Polisi mengepung Asrama mahasiswa Kemasan Yogyakarta, Jumat 15/7/2016-membunuhindonesiacom. |
Jayapura, – Indonesia bukan negara kekuasaan, melainkan
negara hukum yang menjunjung tinggi nilai-nilai demokrasi dan hak asasi
manusia (HAM). Hal ini tegas dinyatakan dan dijamin oleh konstitusi,
serta dituangkan dalam UU No. 9 Tahun 1998 tentang Kemerdekaan
Menyatakan Pendapat di Muka Umum.
Demikian pernyataan bersama antara Lembaga Bantuan Hukum (LBH)
Jakarta bersama Gema Demokrasi yang terdiri dari puluhan organisasi
masyarakat sipil, Sabtu (16/7), mengecam aksi brutal dan anti demokrasi
yang dilakukan oleh aparat Kepolisian RI di asrama mahasiswa Papua,
Kemasan, Yogyakarta, 15 hingga 16 Juli 2016.
Di dalam siaran pers yang diterima Jubi, Minggu (17/07/2016), mereka
menegaskan bahwa tindakan aparat Kepolisian D.I.Y. Yogyakarta, di bawah
komando Kapolda Brigjen Pol. Prasta Wahyu Hidayat, mengepung asrama
mahasiswa Papua di Yogyakarta untuk mencegah pelaksanaan aksi long
march, menyemprotkan gas air mata, menyita beberapa sepeda motor,
melakukan penangkapan sewenang-wenang, dan melakukan pemukulan, adalah
bentuk brutalitas dan diduga sebagai tindakan penggerogotan negara
hukum (Rule of Law) dan iklim demokrasi di Indonesia.
Tindakan represif kepolisian tersebut menyusul rencana Persatuan
Rakyat untuk Pembebasan Papua Barat (PRPPB) mengadakan mengadakan
long march dari Asrama Mahasiswa Papua Kamasan I (Jl.
Kusumanegara) menuju Titik Nol KM, pada 15 Juli 2016.
Di dalam rilisnya, PPRB menyatakan, Long March diadakan dalam rangka
member dukungan pada ULMWP untuk menjadi anggota penuh MSG,
serta memperjuangkan hak menentukan nasib sendiri rakyat Papua Barat.
Namun pada tanggal 13 Juli surat pemberitahuan PRPPB bernomor
05/PRPPB/2016 tertanggal 12 Juli 2016 ditanggapi dengan penolakan oleh
Poresta Yogyakarta melalui Kasat Intelkam, Kompol Wahyu Dwi Nugroho.
Alasan penolakan disebutkan bahwa “surat pemberitahuan harus diantar 7
hari sebelum diadakannya kegiatan”.
Menurut Jefry Wenda, Ketua Aliansi Mahasiswa Papua (AMP), yang
merupakan elemen pendukung PPRB, “rencana aksi damai ini lalu
mendapatkan ancaman dari aparat kepolisian dan kelompok reaksioner.
Sejak Kamis (14/7/2016) sore SMS bernada mengancam berdatangan, dengan
menyebutkan “kafir dan antek-antek separatis kepada AMP,” ujarnya.
Jefri menjelaskan, broadcast pesan singkat terus berdatangan hingga
Jumat (15/7/2016) dini hari mengatasnamakan elemen Muslim Yogyakarta,
FKPPI, dan Panglima Laskar Jogja.
Represi dan ucapan rasialis
Di dalam kronologi peristiwa, PPRB menjelaskan bahwa pada pagi
harinya (15/7/2016) aparat kepolisian bersenjata lengkap beserta
kendaraan barakuda dan motor-motor trail mulai mengepung asrama
mahasiswa.
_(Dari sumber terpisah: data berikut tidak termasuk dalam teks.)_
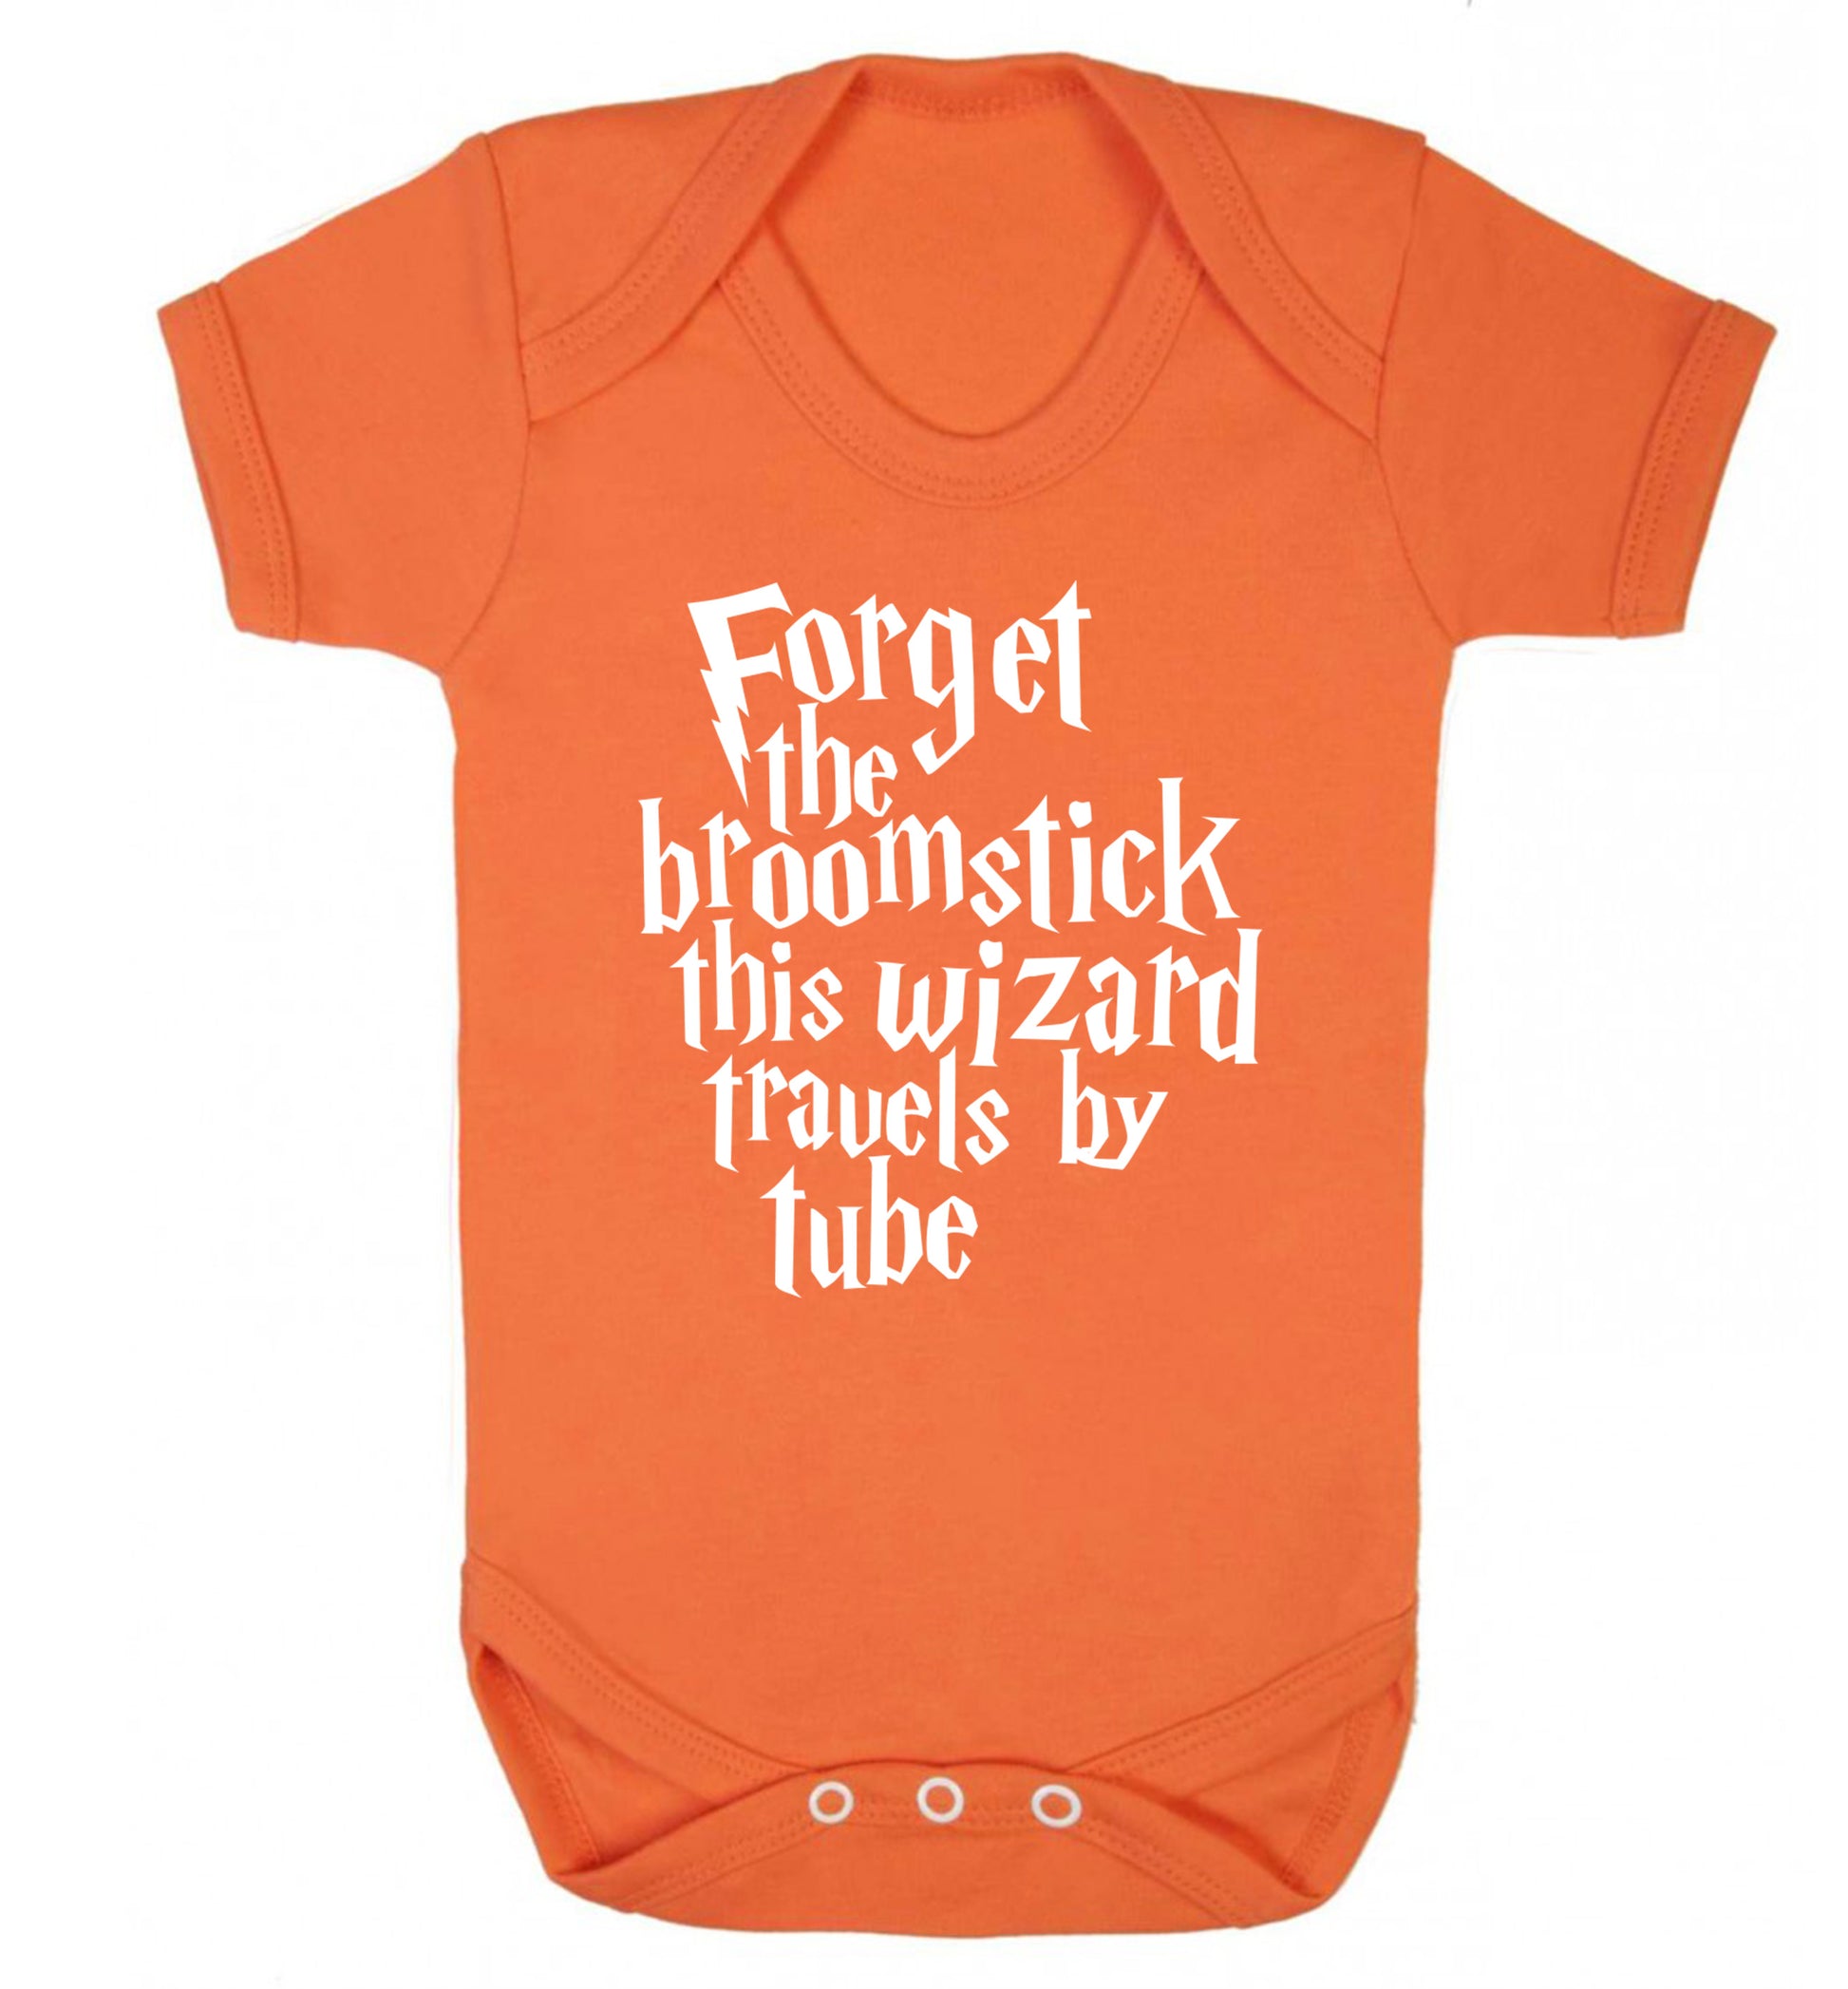 Forget the broomstick this wizard travels by tube Baby Vest orange 18-24 months

Disusul oleh organisasi-organisasi seperti Paksi Katon,
Laskar Jogja, Pemuda Pancasila, dan FKPPI.
“Mereka meneriakkan kata-kata kasar dan rasialis kepada mahasiswa
yang terkurung di dalam asrama”, demikian rilis tersebut. Jalan Raya
Asrama Mahasiswa Papua Kamasan I Jalan Kusumanegara 93, Yogyakarata,
diblokir, pintu gerbang asrama digedor-gedor, polisi berpakaian
preman menyetop, menyita sepeda motor mereka.
Dilansir CNN Indonesia, Minggu (17/7/2016) ada sekitar 100 orang
massa dari 4 ormas yang berjaga di depan asrama. Tak cuma para polisi
yang bersenjata, tapi juga anggota ormas. “Mereka membawa kayu, linggis,
dan benda-benda tajam lain,” kata seorang mahasiswa Papua di Yogya yang
meminta namanya tak disebut, karena alasan keamanan.
Menurut laporan CNN tersebut, para mahasiswa Papua yang berada di
dalam asrama merasa gusar dan sakit hati karena berbagai bahasa yang
dikeluarkan dengan nada rasialis dan menghina: “Sungguh, mereka katakan,
teriakkan itu di depan saya punya mata dan telinga, kepada kami
–mahasiswa Papua, masyarakat Papua.”
Aparat Kepolisian yang berjaga di sekeliling asrama mendiamkan saja
perilaku rasis tersebut. Ketika itu jumlah polisi tak kalah banyak.
Salah seorang warga Yogya, Kindarto Boti, mengatakan Kepolisian
mengerahkan pasukan sekitar tiga sampai empat truk. Warga lainnya
berkata, para polisi datang bersenjata lengkap, bak hendak menangkap
terroris.
Menurut Roy Karoba, aktivis Aliansi Mahasiswa Papua (AMP) yang ikut
terkurung di dalam Asrama Kemasan Yogjakarta, kepada Jubi, Jumat malam
(15/7/2016), mereka sampai tidak bisa keluar untuk membeli makanan.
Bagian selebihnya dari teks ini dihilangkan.